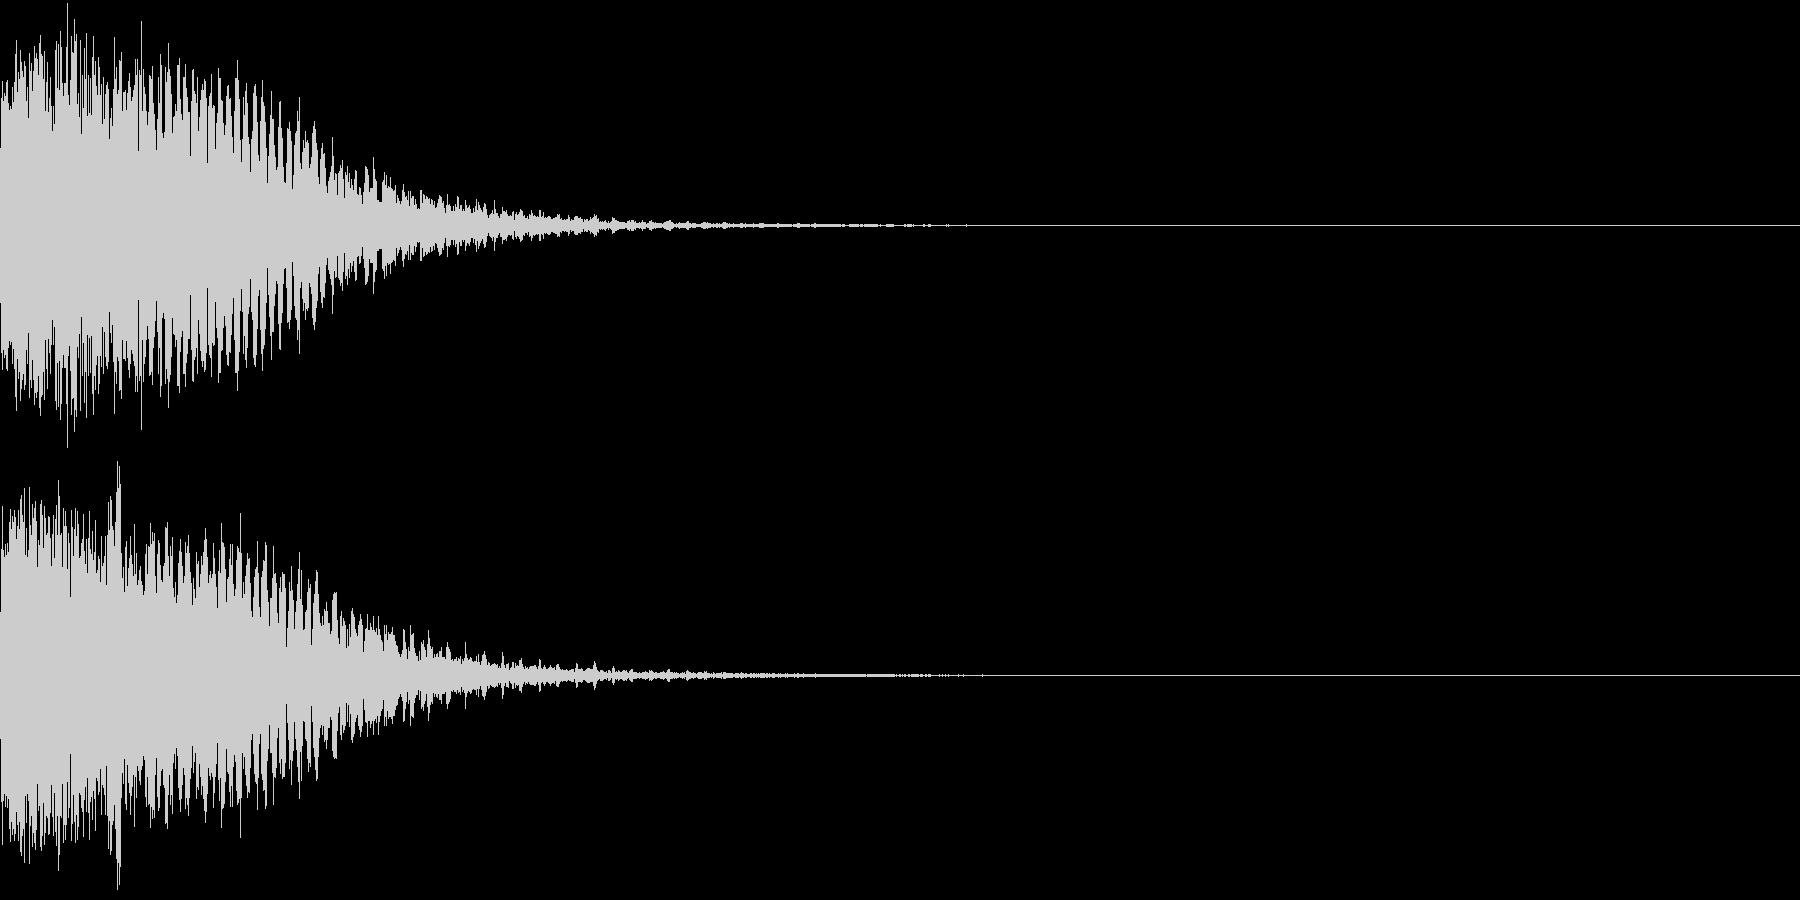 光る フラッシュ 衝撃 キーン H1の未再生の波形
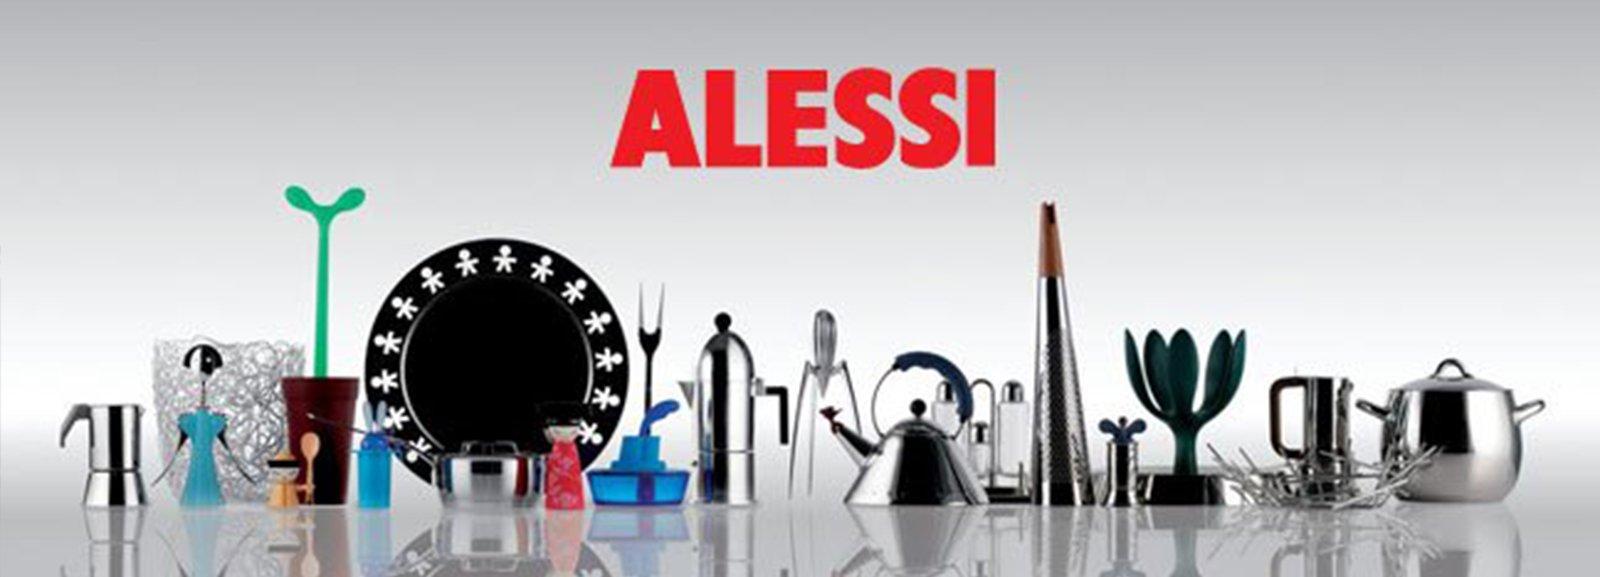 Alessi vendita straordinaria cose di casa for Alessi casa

...

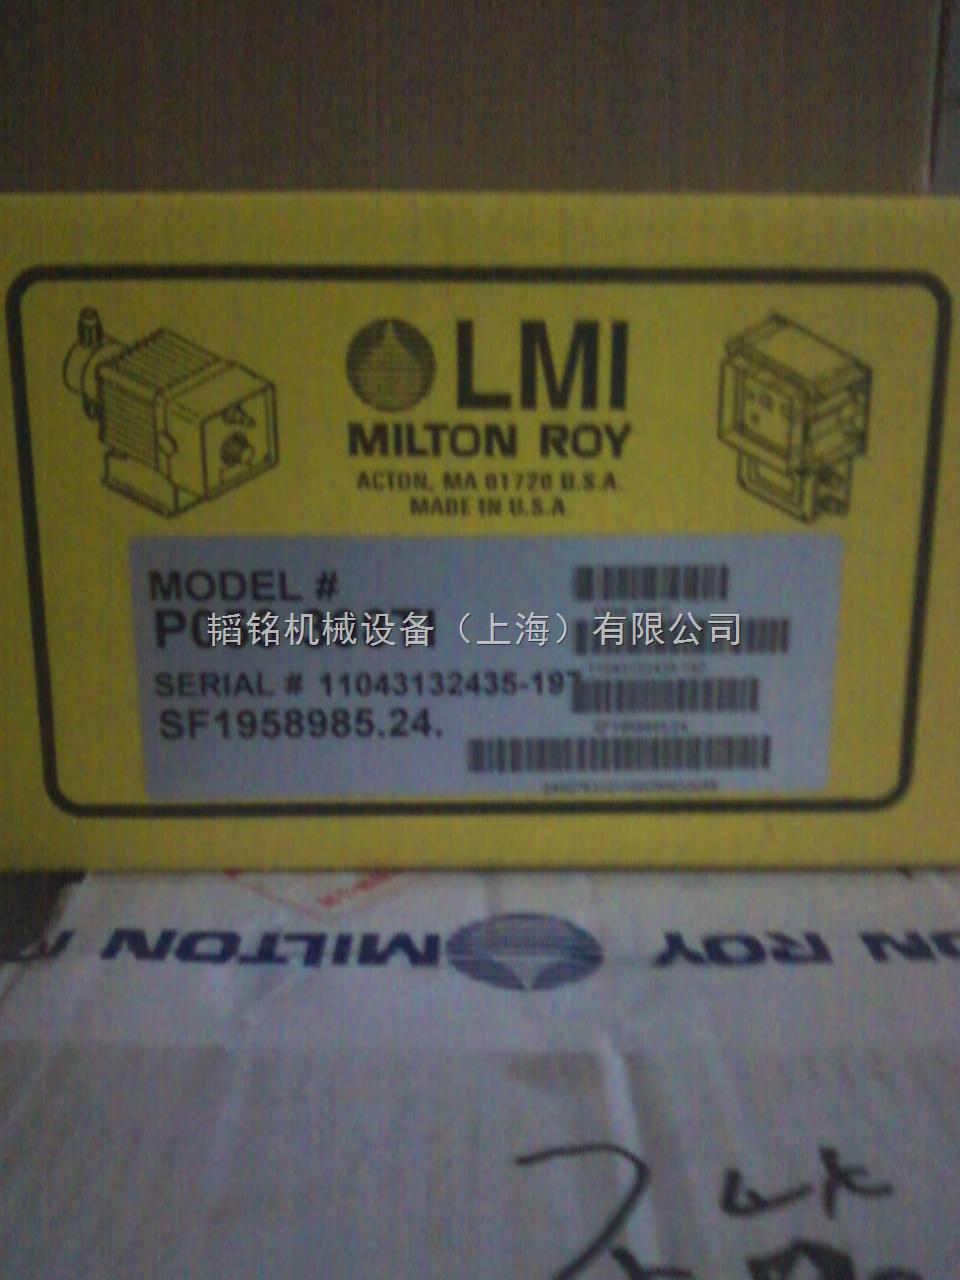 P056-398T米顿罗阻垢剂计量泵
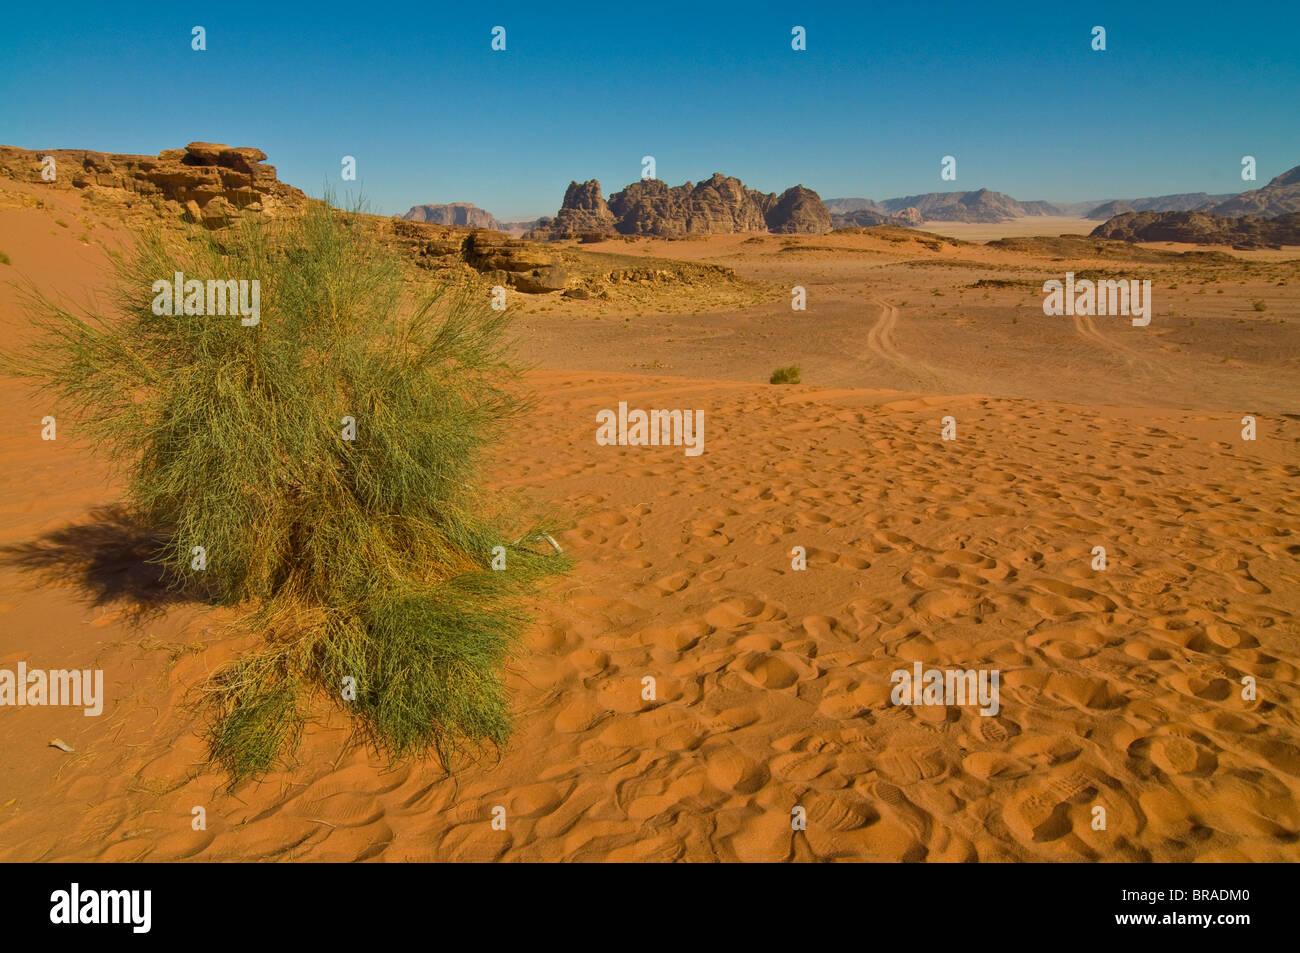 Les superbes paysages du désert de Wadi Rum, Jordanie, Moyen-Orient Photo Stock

◆ **Directions**:
What are the lines above from the one with "光る フラッシュ 衝撃 キーン H1の未再生の波形" to the one with "Alessi vendita straordinaria", both included? Reproduce them exactly, without pictures.

◆ **Answer to this exercise**:
 光る フラッシュ 衝撃 キーン H1の未再生の波形
 Alessi vendita straordinaria cose di casa for Alessi casa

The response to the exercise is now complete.